Nuevo de Music City
Spanish American Culture 1500-1800: A Collaboration between Music City Baroque and the Frist
(Spanish Version Here: https://wp.me/pabEmc-2z1)
In collaboration with the Frist Art Museum, and paired with the museum’s current exhibition Art and Imagination in Spanish America, 1500-1800, the Music City Baroque is holding a concert at the museum on Saturday, January 13, 2024 titled Music and Musicians in Spanish Latin America, 1500-1800. The exhibition, which presents a mixed media collection of highlights from the Los Angeles County Museum of Art’s collection of Spanish colonial art, displays an amazing diversity of artists drawing from a broad range of traditions expressed in both sacred and secular art, pushing against the received monolithic conception of Spanish American art.
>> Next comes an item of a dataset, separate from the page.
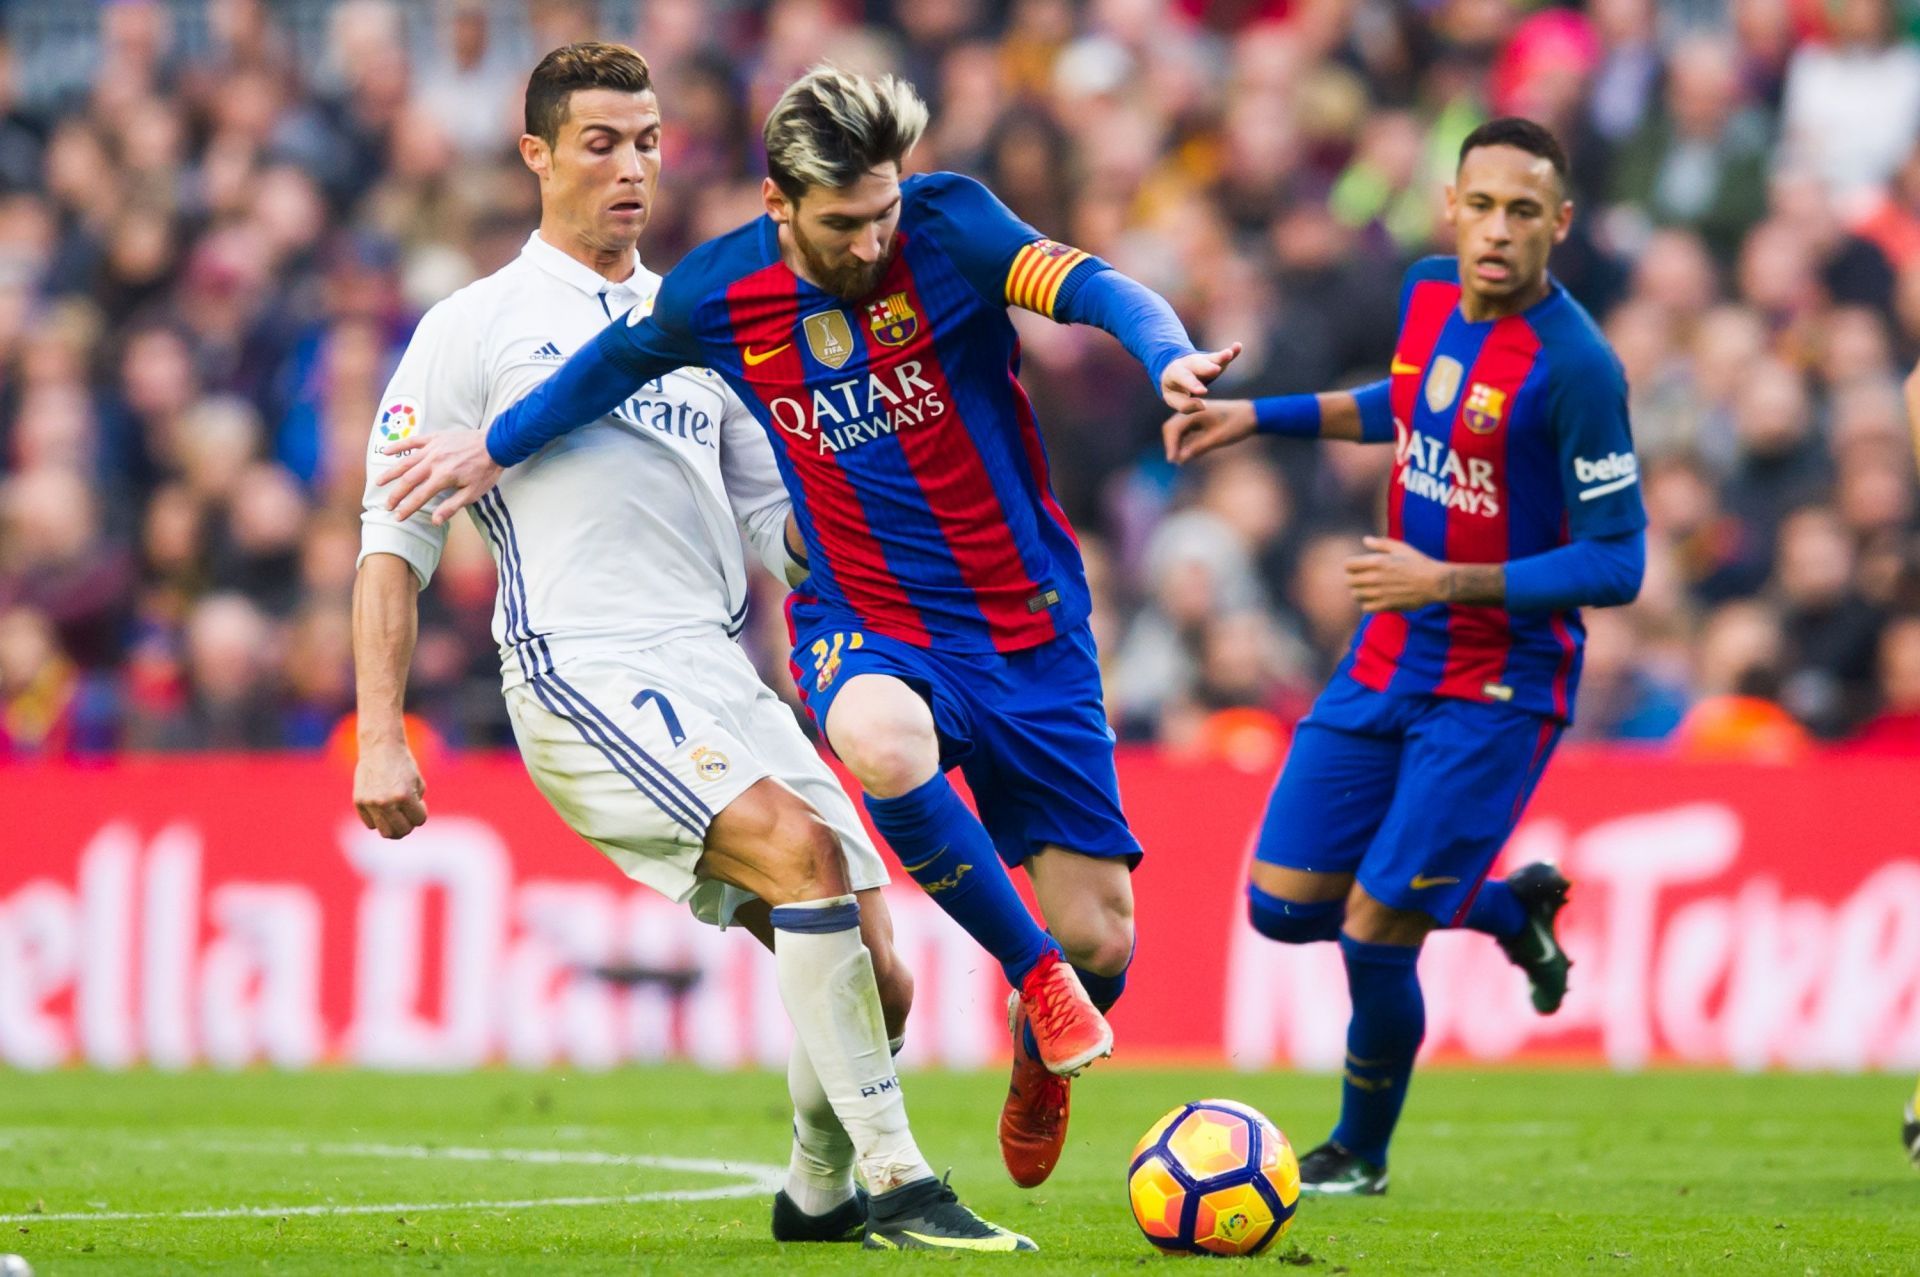 Messi and Ronaldo in action during El Clasico

An excellent example of the collection’s wealth is Manuel de Arellano’s Virgin of Guadalupe (1691). The work is a meticulous 1691 copy of the original, an acheiropoietic image (not created by a human) of the virgin on a tilma (indigenous cape), which remains in Mexico City’s Basilica of Guadalupe where it is venerated as a relic of the virgin. This basilica is said to be the most-visited Catholic shrine in the world. According to the legend, and as depicted in the four corners of the painting, the Madonna appeared to Juan Diego three times so that he might convince the local Bishop to build her a chapel to the North of Mexico City. Her appearance on the tilma among rare flowers (depicted in the lower right in Arellano’s painting) is said to have ultimately convinced the Bishop. To the painting, which is a replica of the tilma, Arellanos added the inscription “touched to the original” (tocada a la original) to emphasize that the copy was authentic and shared a connection with the relic. Along with this beautiful work, the exhibition features a generous sample of paintings, sculptures and decorative arts for visitors to explore.
Similarly, according to an email from Board President Mareike Sattler, the Music City Baroque’s concert will present a variety of music from different regions” [of Spanish America] throughout the time period. A fine and related example of which is the 17th-century Quechua-hymn “Hanaq Pachap” from Peru. The hymn, a processional hymn to the Virgin Mary, likely written and composed by Franciscan priest Juan Pérez de Bocanegra in the Quechua language. As part of Bocanegra’s book Ritual formulario, the hymn is said to be the earliest work of vocal polyphony printed in the Western Hemisphere. Of the Hymn, Bocanegra said: “The Prayer that follows I did write in Sapphic verse, in the Quechua language, in honor of the Immaculate Virgin: the music is composed for four voices such that cantors may sing it for processions, upon entering into the church, and on days dedicated to our Lady, and on her feast days.” The lyrics to the hymn are carefully molded in order to maintain a syncretic balance—they might be interpreted in a way that accommodates both an orthodox Catholic belief even as they continue in the traditional Quechua culture.
Excerpt from Second Verse: “Attend to our pleas, O column of ivory, Mother of God! Beautiful iris, yellow and white, receive this song we offer you; come to our assistance, show us the Fruit of your womb.” (Quechua: “Uyarihuai muchascaita Diospa rampan Diospamaman Yurac tocto hamancaiman Yupascalla, collpascaita Huahuaiquiman suyuscaita Ricuchillai.)
The hymn, with its homorhythmic construction, halting syncopation, vividly dramatic Marian lyrics and emphasis on native flowers, is considered to the aural equivalent of the Cuzco School of painting from the period in Peru. The Cuzco School drew a loose influence from the Flemish and Italian Renaissance, using bright colors of red, yellow and earth tones and lavish gold leaf in depictions of dramatic images. Although Arellano’s Virgin of Guadalupe is from the same period and carries some of these characteristics, its provenance is too far north to be of the Cuzco School.
One imagines that it will be in these broad cultural connections of belief, expression and cultural interaction that the exhibition and concert will find its greatest power. And, as Sattler relates, the concert promises a grand selection of works including music by Mexican born Mauel Zumaya, a fandango for Baroque guitar by Santiago de Murcia as well as “recently recovered pieces from the Jesuit missions in Bolivia” and others. While an exhibition that seeks to portray the art of several cultures across two continents through three centuries will, by necessity, be reductive and redundant, one must note, for the Music City, this collaboration between the Frist and Music City Baroque is sure to be a great start! The Concert is on Saturday, January 13th and the exhibition continues through January 28th in the Upper-Level Galleries of the Frist Museum.